As outlined in section 2.3 of our manuscript all transplant recipients are assessed by Duke Activity Score Index to assess functional capacity. To clarify this further in our manuscript we have modified the following paragraph,

The cardiac screening currently employed by our unit can be seen in Figure 1. All patients now are assessed annually with Duke Activity Score Index (DASI) to assess functional capacity, 23 echocardiography is not routinely requested, and stress imaging or exercise testing is only performed in symptomatic cardiac disease at the discretion of a cardiologist. All patients prior to listing have a baseline electrocardiogram, which is repeated every 2 years whilst awaiting transplant. Patients with abnormal electrocardiograms are either referred for echocardiogram or for cardiology review.”

Finally, what is the possibility of selection bias in terms of referring physicians sending patients to the transplant center for evaluation? Could it be that patients considered at high risk of cardiovascular events were never referred?
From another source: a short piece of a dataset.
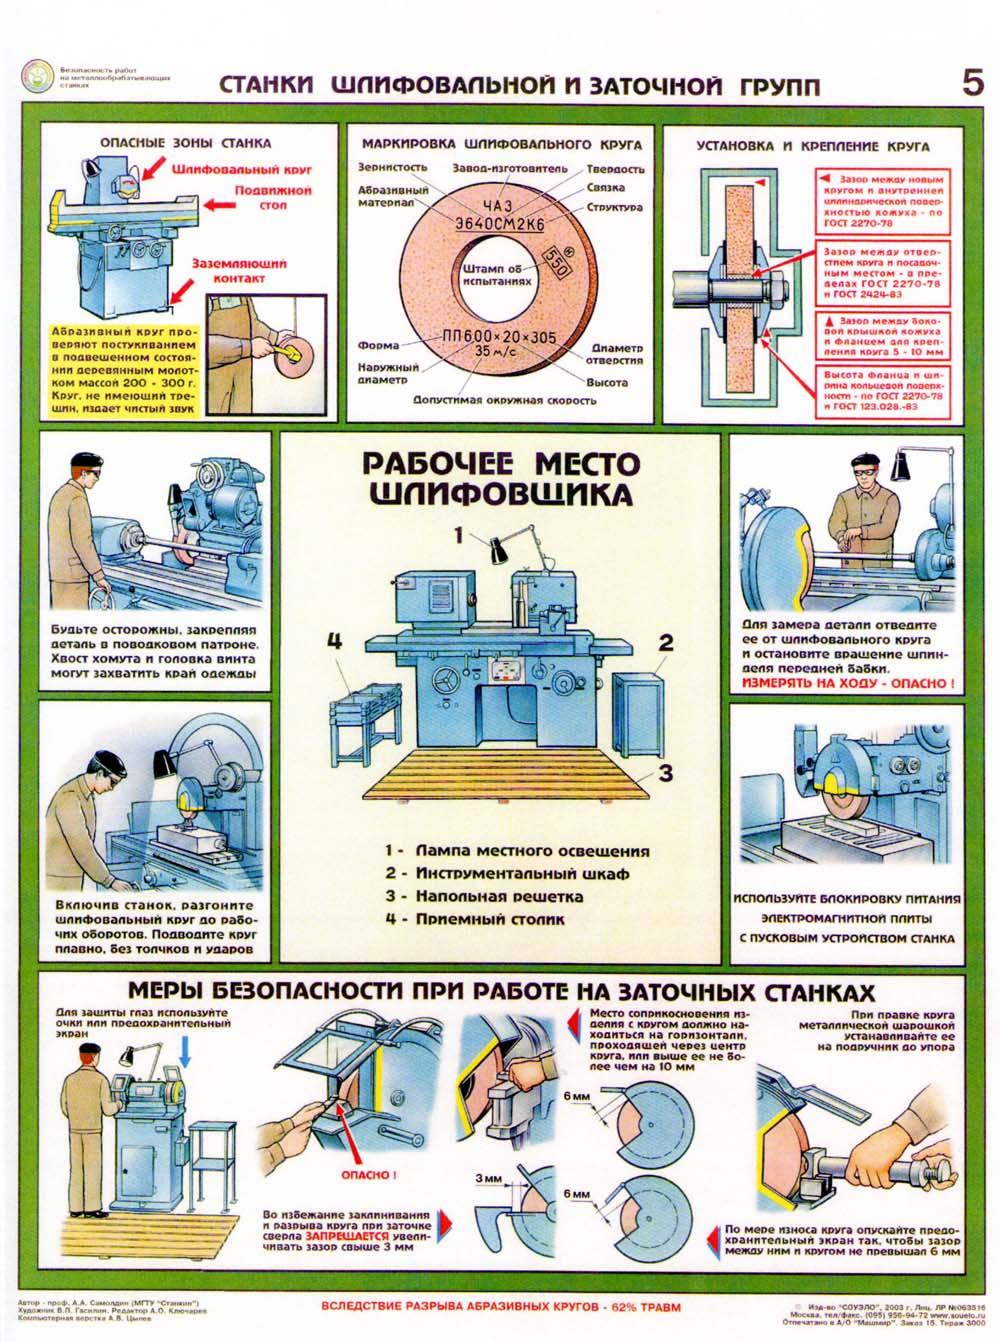 инструкция при работе на фрезерных станках

Theoretically this could be the case, and very hard to disprove! But given the very high kidney transplant rates in Northern Ireland it would seem unlikely. In section 2.2 we have added further details regarding transplant rates in Northern Ireland.

“There is a deceased donor kidney transplant rate of 33.2 per population million (ppm) and a living donor kidney transplant rate of 30ppm in Northern Ireland. Despite only representing 2.9% of the UK population, Northern Ireland performs ~5.4% of the kidney transplants in the UK.”

We also feel having outlined the baseline population characteristics of our population 22% with diabetes, 23% with previous cardiac disease, 4% with previous cerebrovascular disease and 3% with previous peripheral vascular disease (Table 2) allows the reader to reflect on the comorbidity of the population we have included in the study and compare with their own transplant population.

Round 2

Reviewer 3 Report

Comments and Suggestions for Authors

To the authors,

Thank you for the opportunity to review the revised manuscript and for taking into consideration my suggestions. This study was dramatically improved, and I find the revised version much more suitable for publication.